┌─ INFORMATION PROVIDED

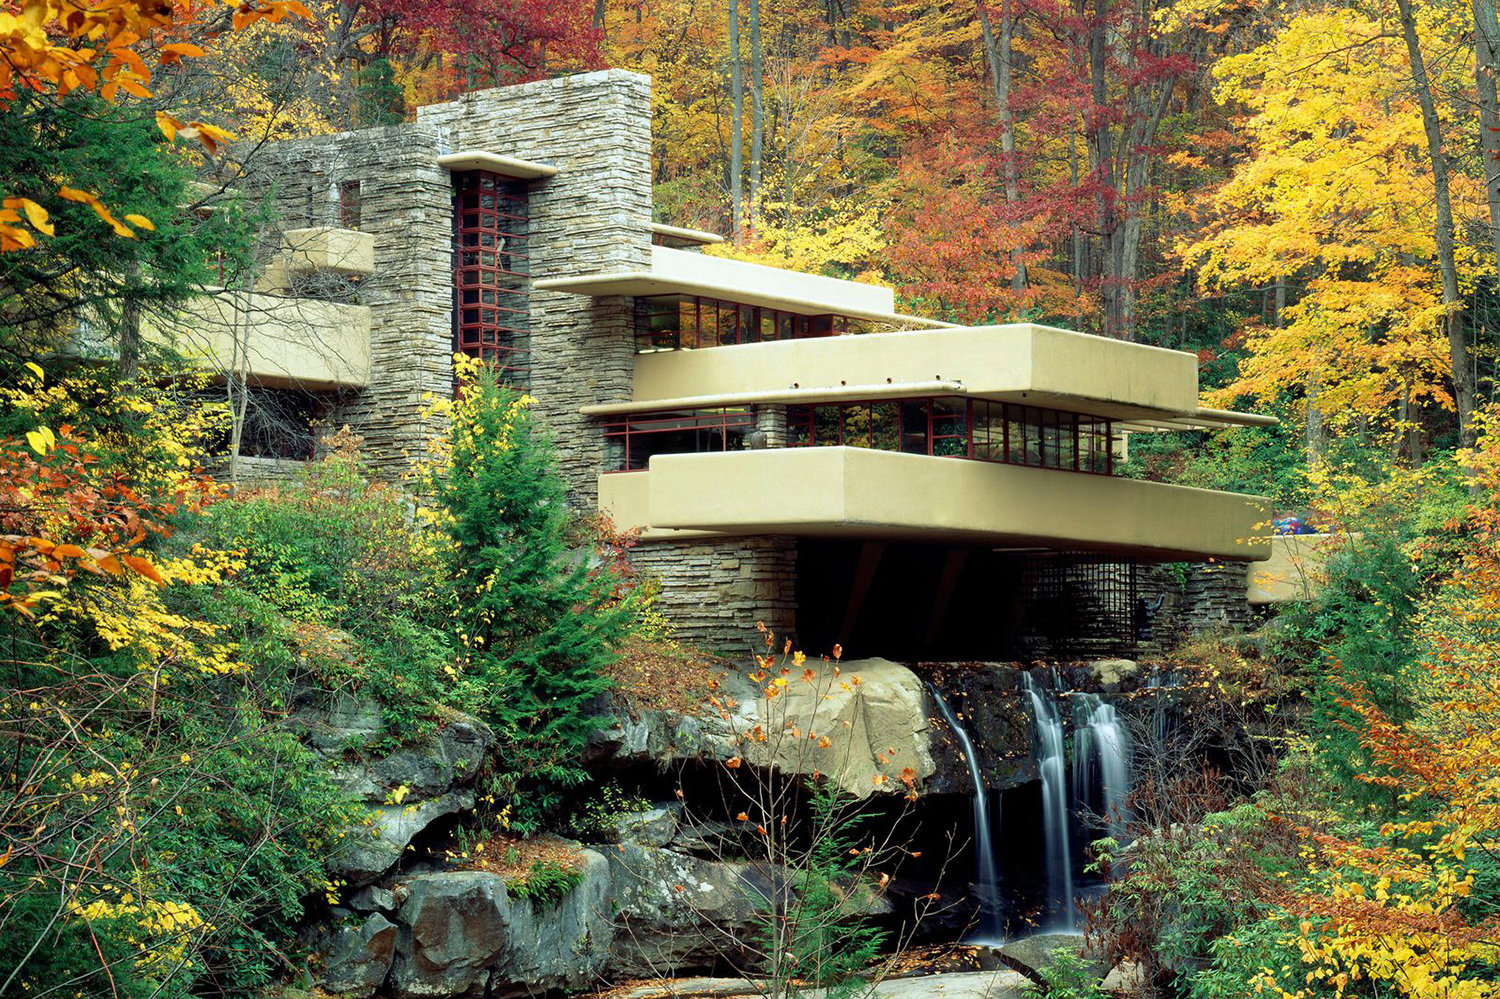 La residencia Kaufmann en Pensilvania, más conocida como Casa de la Cascada (1939) es el proyecto residencial más conocido de Frank Lloyd Wright.
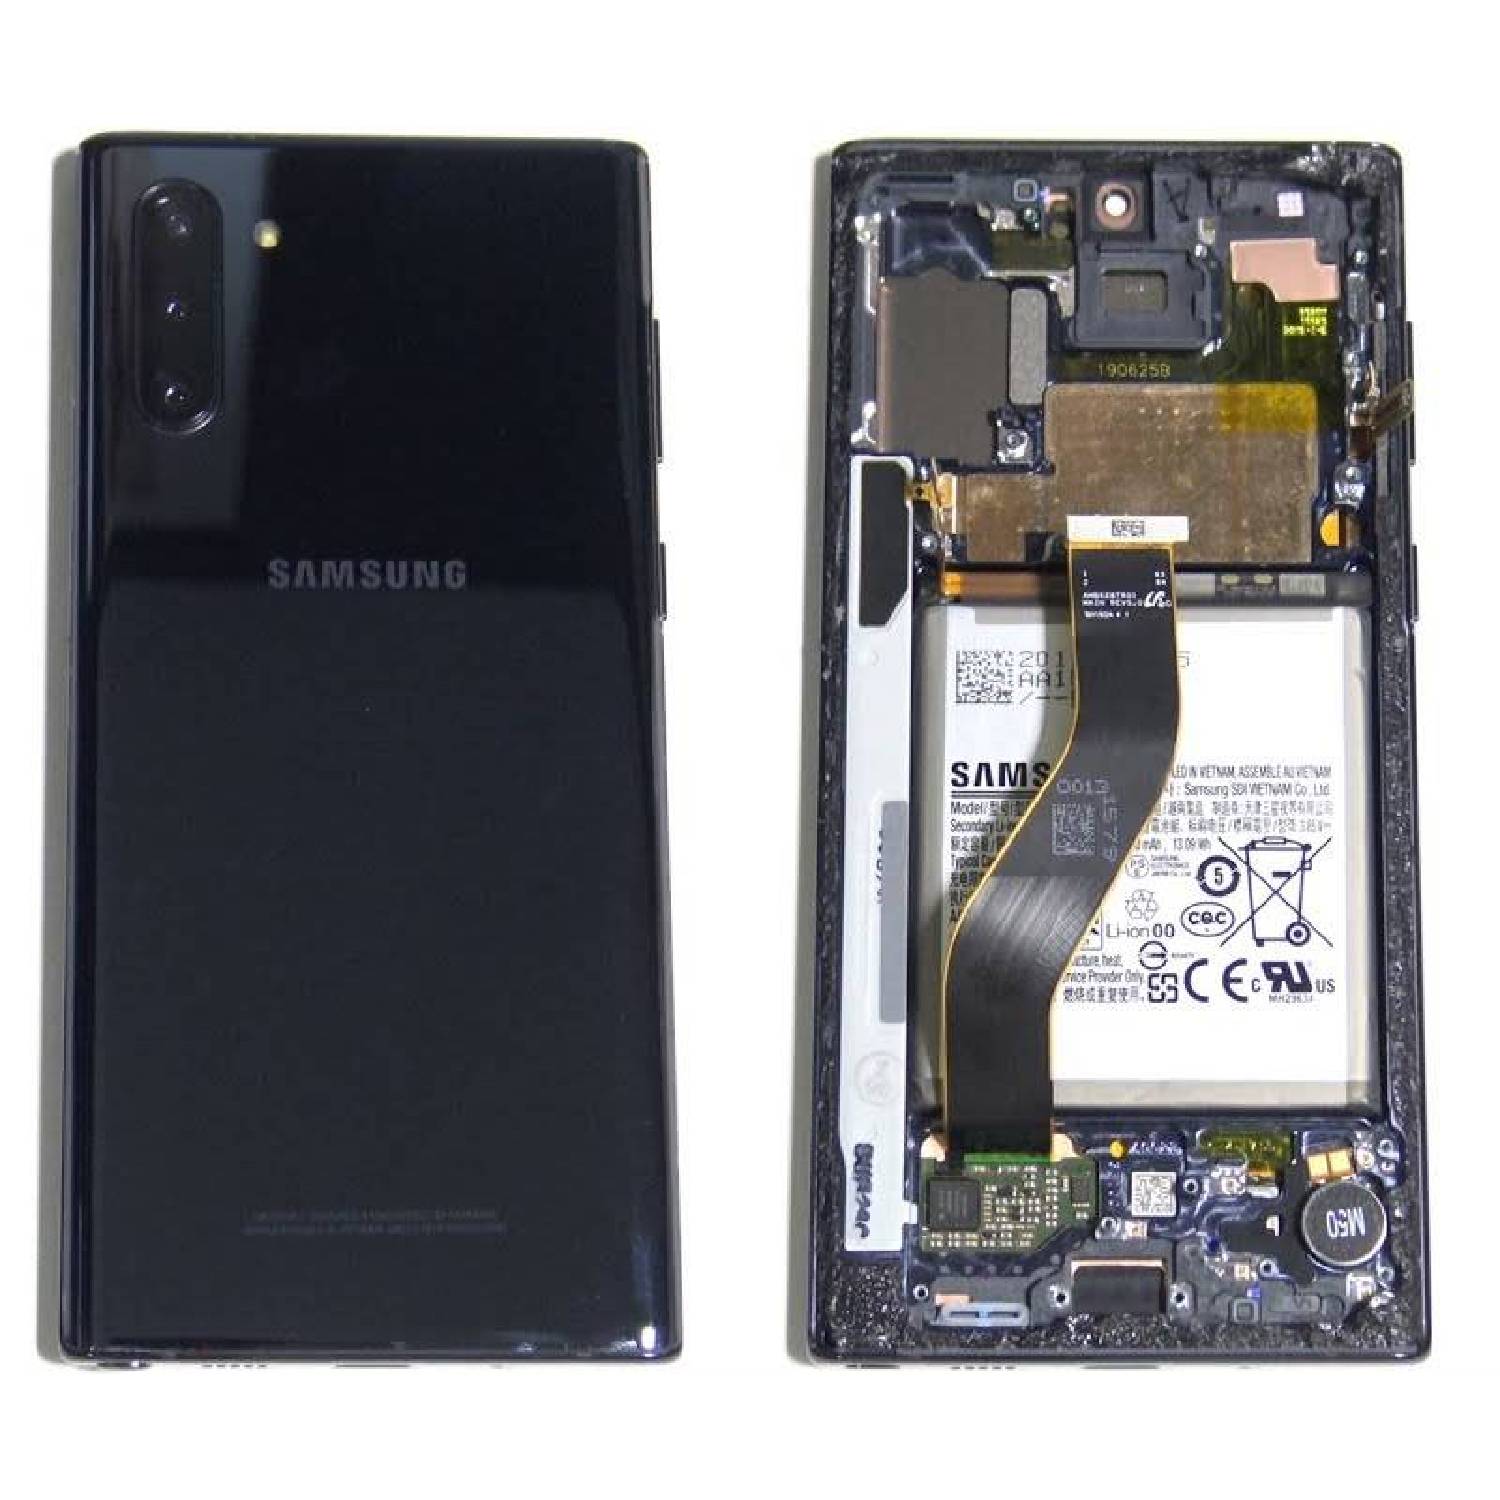 Samsung Galaxy Note 10 lite repair
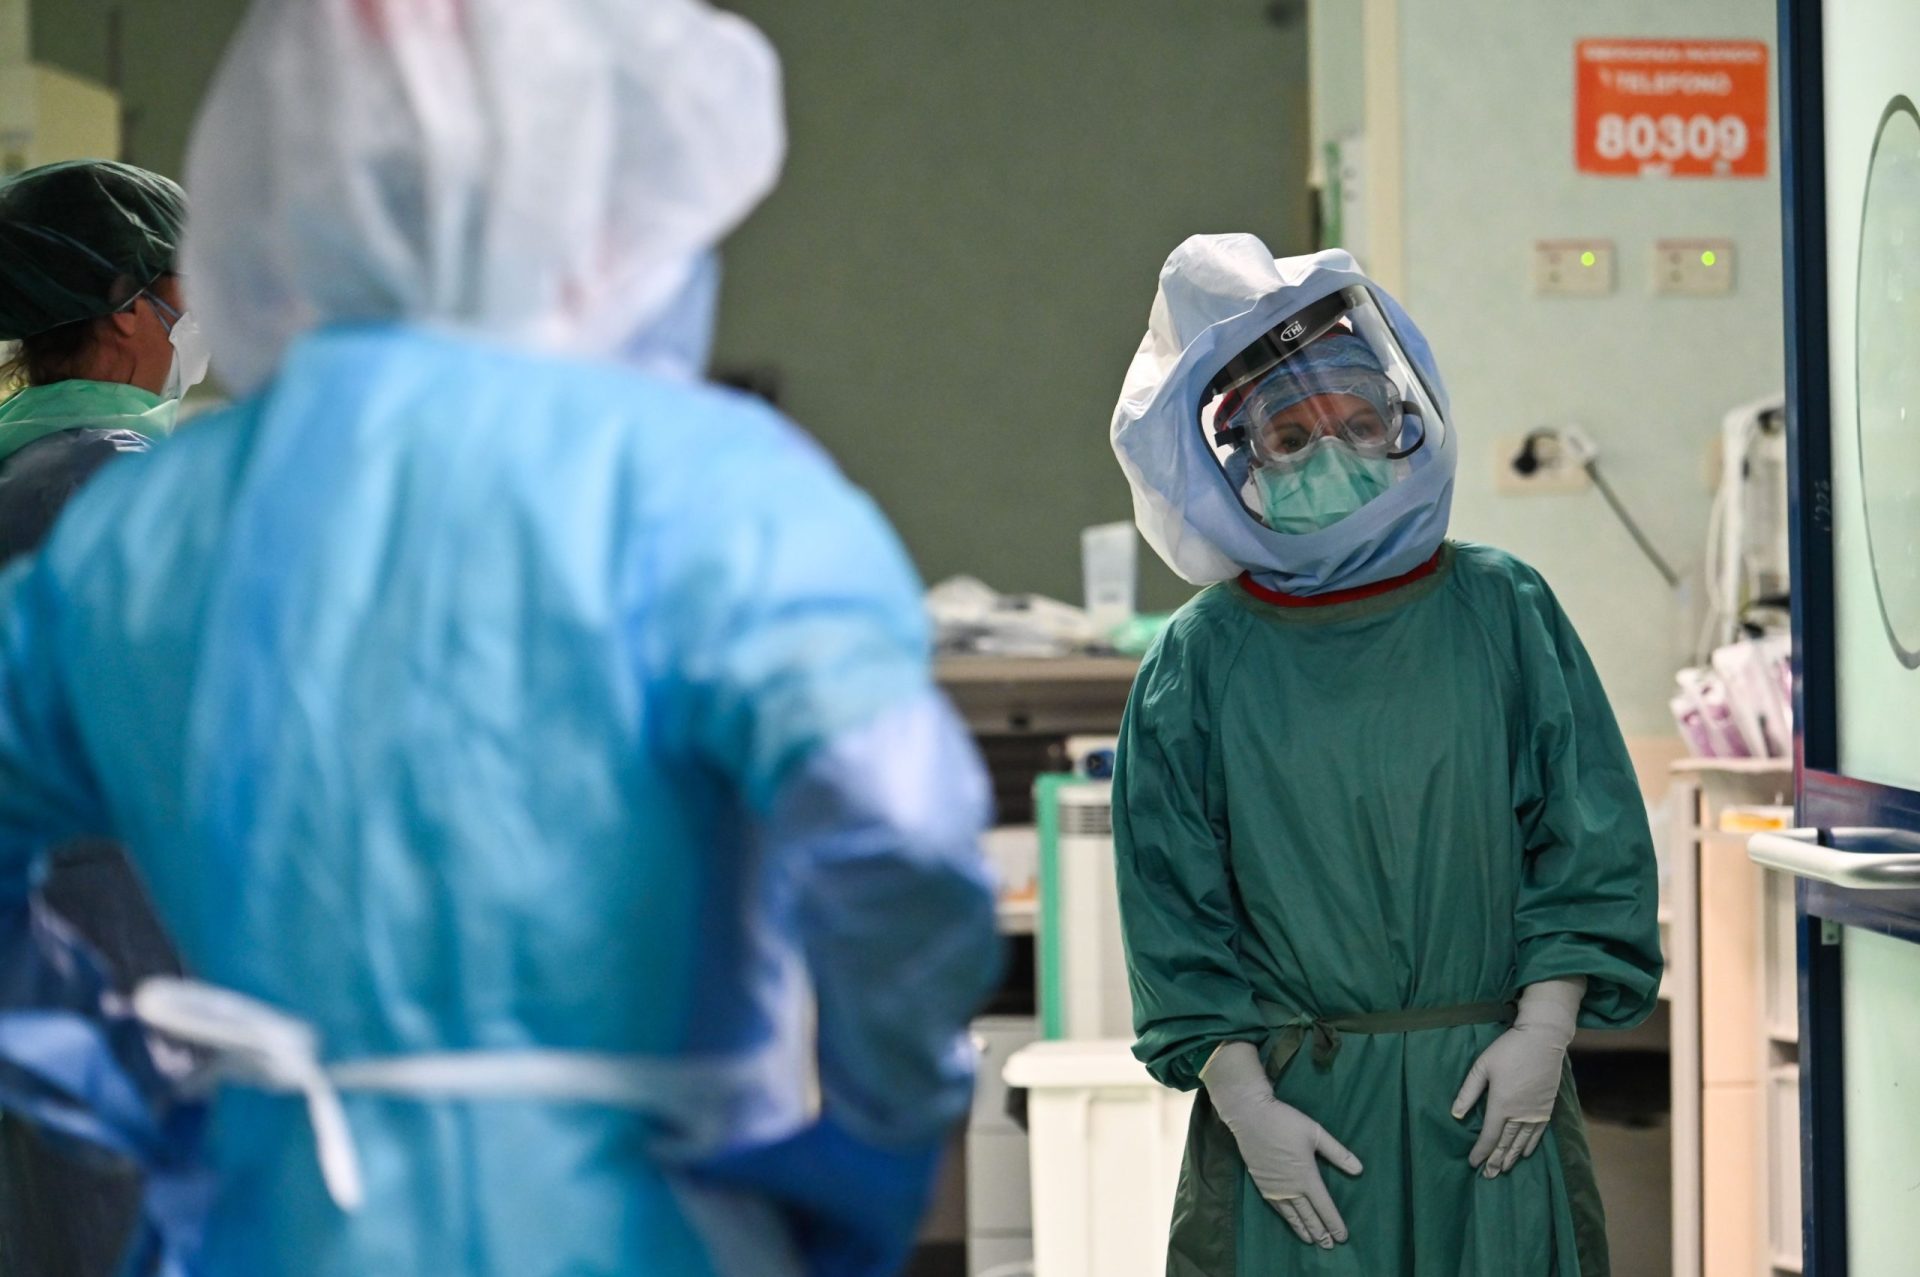 Já morreram mais de 100 médicos em Itália devido à covid-19. Profissionais combatem pandemia “descalços” de proteção

└─

Output the full material exactly as given, without its pictures.

YOUR RESPONSE:
 La residencia Kaufmann en Pensilvania, más conocida como Casa de la Cascada (1939) es el proyecto residencial más conocido de Frank Lloyd Wright.
 Samsung Galaxy Note 10 lite repair
 Já morreram mais de 100 médicos em Itália devido à covid-19. Profissionais combatem pandemia “descalços” de proteção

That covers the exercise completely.